Anti-ganglioside antibodies

Antiganglioside antibodies that react to self-gangliosides are found in autoimmune neuropathies. These antibodies were first found to react with cerebellar cells. These antibodies show highest association with certain forms of Guillain–Barré syndrome.

Autoantigenic gangliosides that are currently known are GD3, GM1, GQ3 and GT1.

Anti-GD3 antibodies have been found in association with specific forms of Guillain–Barré syndrome. In vivo studies of isolated anti-GM1 and GD3 antibodies indicate the antibodies can interfere with motor neuron function. Anti-GD1a antibodies were highly associated acute motor axonal neuropathy while high titers of anti-GM1 were more frequent indicating that GD1a possibly targets the axolemma and nodes of Ranvier most of the Ab+ patients had C. jejuni infections. Patients with Anti-GalNAc-GD1a antibodies were less common but had more severe disease (rapidly progressive, predominantly distal weakness).

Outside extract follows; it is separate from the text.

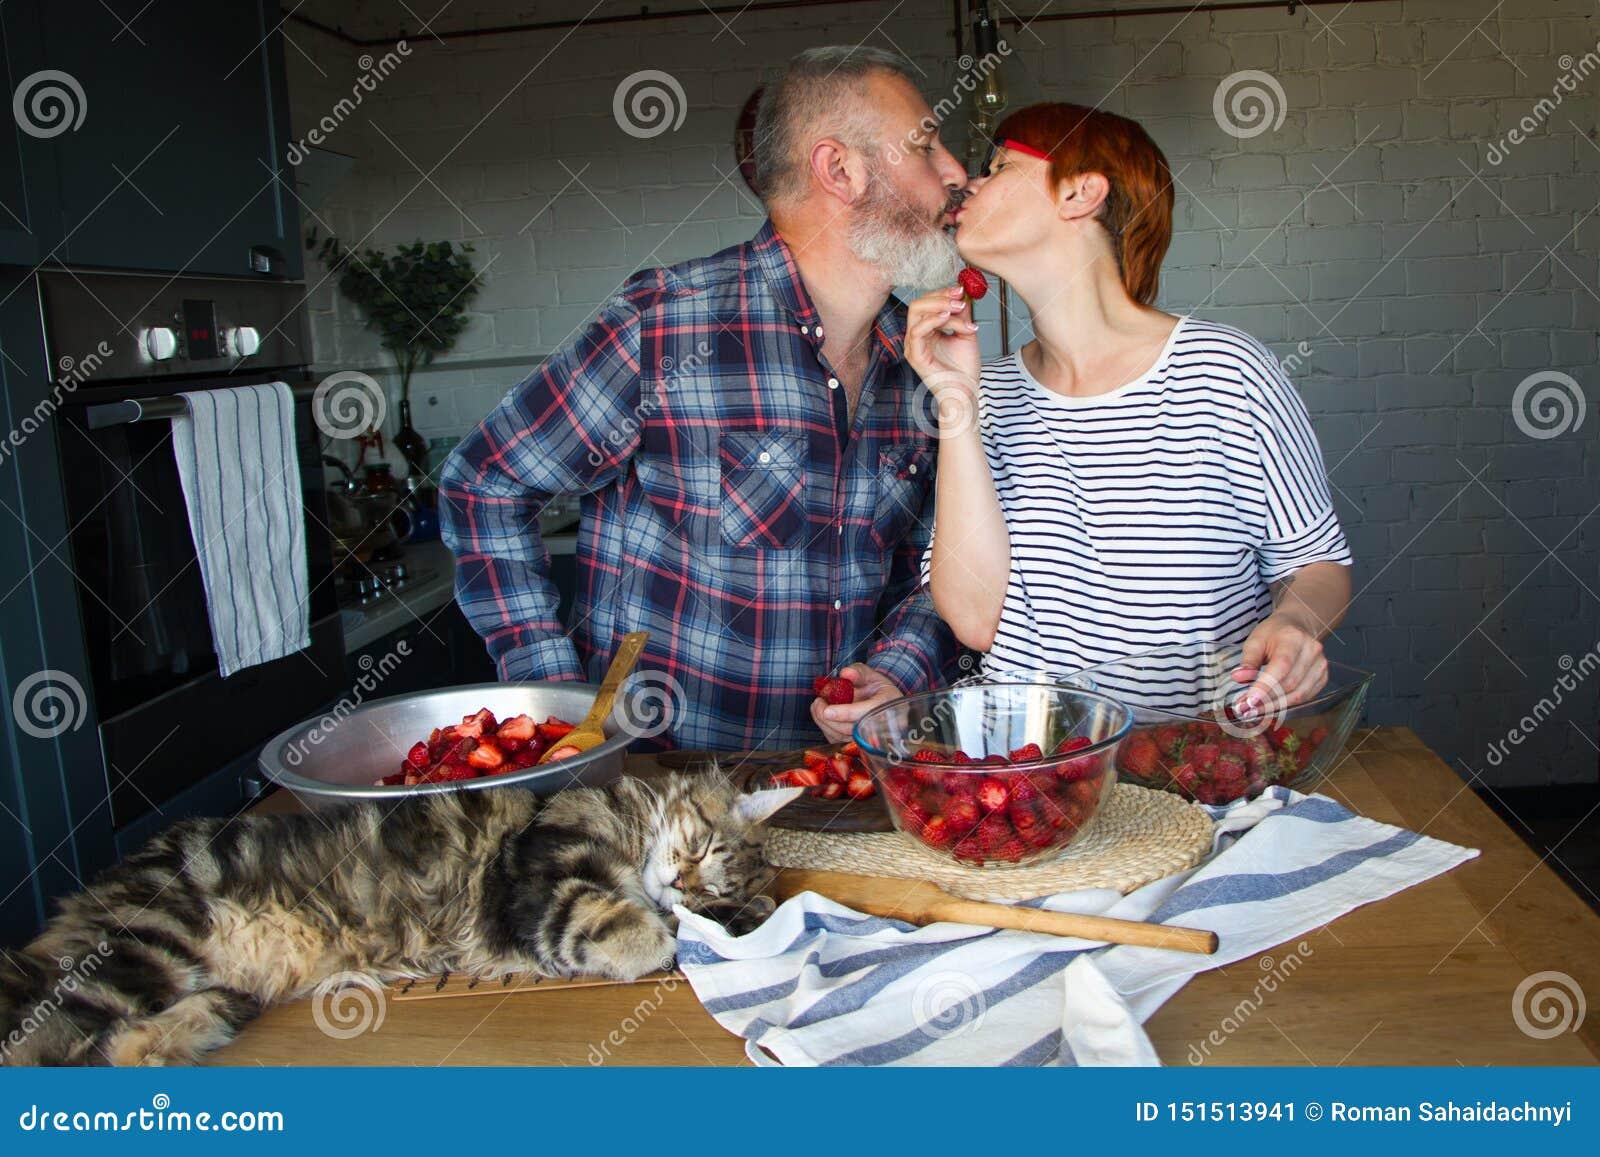 Erdbeeren erwachsener Paarmann und der Frauenschale und -schnittes für Erdbeermarmelade, ziehen sich, Spaß, Maine Coon zu lachen
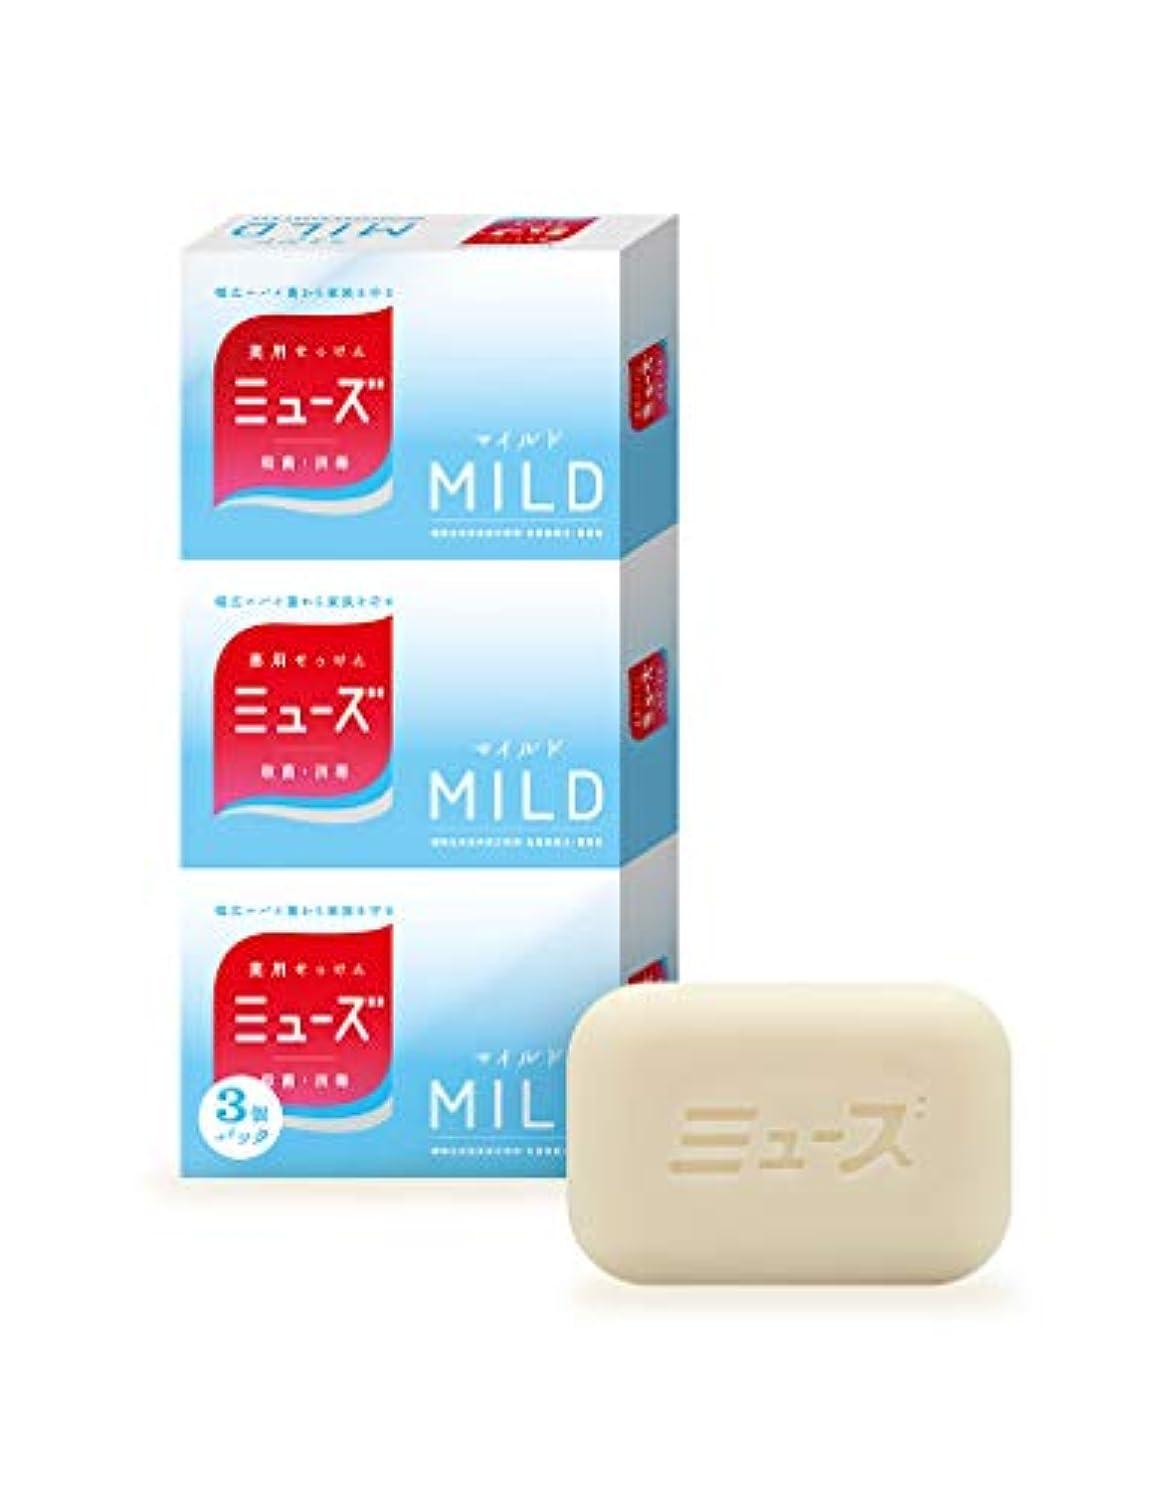 親少ないコレクション薬用せっけんミューズ 固形 石鹸 マイルド (95g×3個パック) お徳用 殺菌 消毒 手洗い 低刺激 植物由来洗浄成分配合

Levels of anti-GM1 are elevated in patients with various forms of dementia. Antibodies levels correlate with more severe Guillain–Barré syndrome. In Japan, levels to GM1 were elevated in patients with prodromal diarrhea. Titers to GM1 in other diseases (rheumatoid arthritis, primary Sjögren's syndrome and systemic lupus erythematosus) was also elevated. additionally highly significant association was found with rheumatoid arthritis and peripheral neuropathies. Conflicting evidence suggests no significant elevation in motor neuron neuropathy but marginally elevated IgA in sensory neuron neuropathies. The autoimmune role of anti-GM1 is still unclear.

Anti-GQ1b are found in Miller-Fisher syndrome. Studies of these antibodies reveal large disruption of the Schwann cells. Anti-GQ1b IgG levels were elevated in patients with ophthalmoplegia in Guillain–Barré syndrome

Microbial agents include: Campylobacter jejuni and Mycoplasma pneumoniae.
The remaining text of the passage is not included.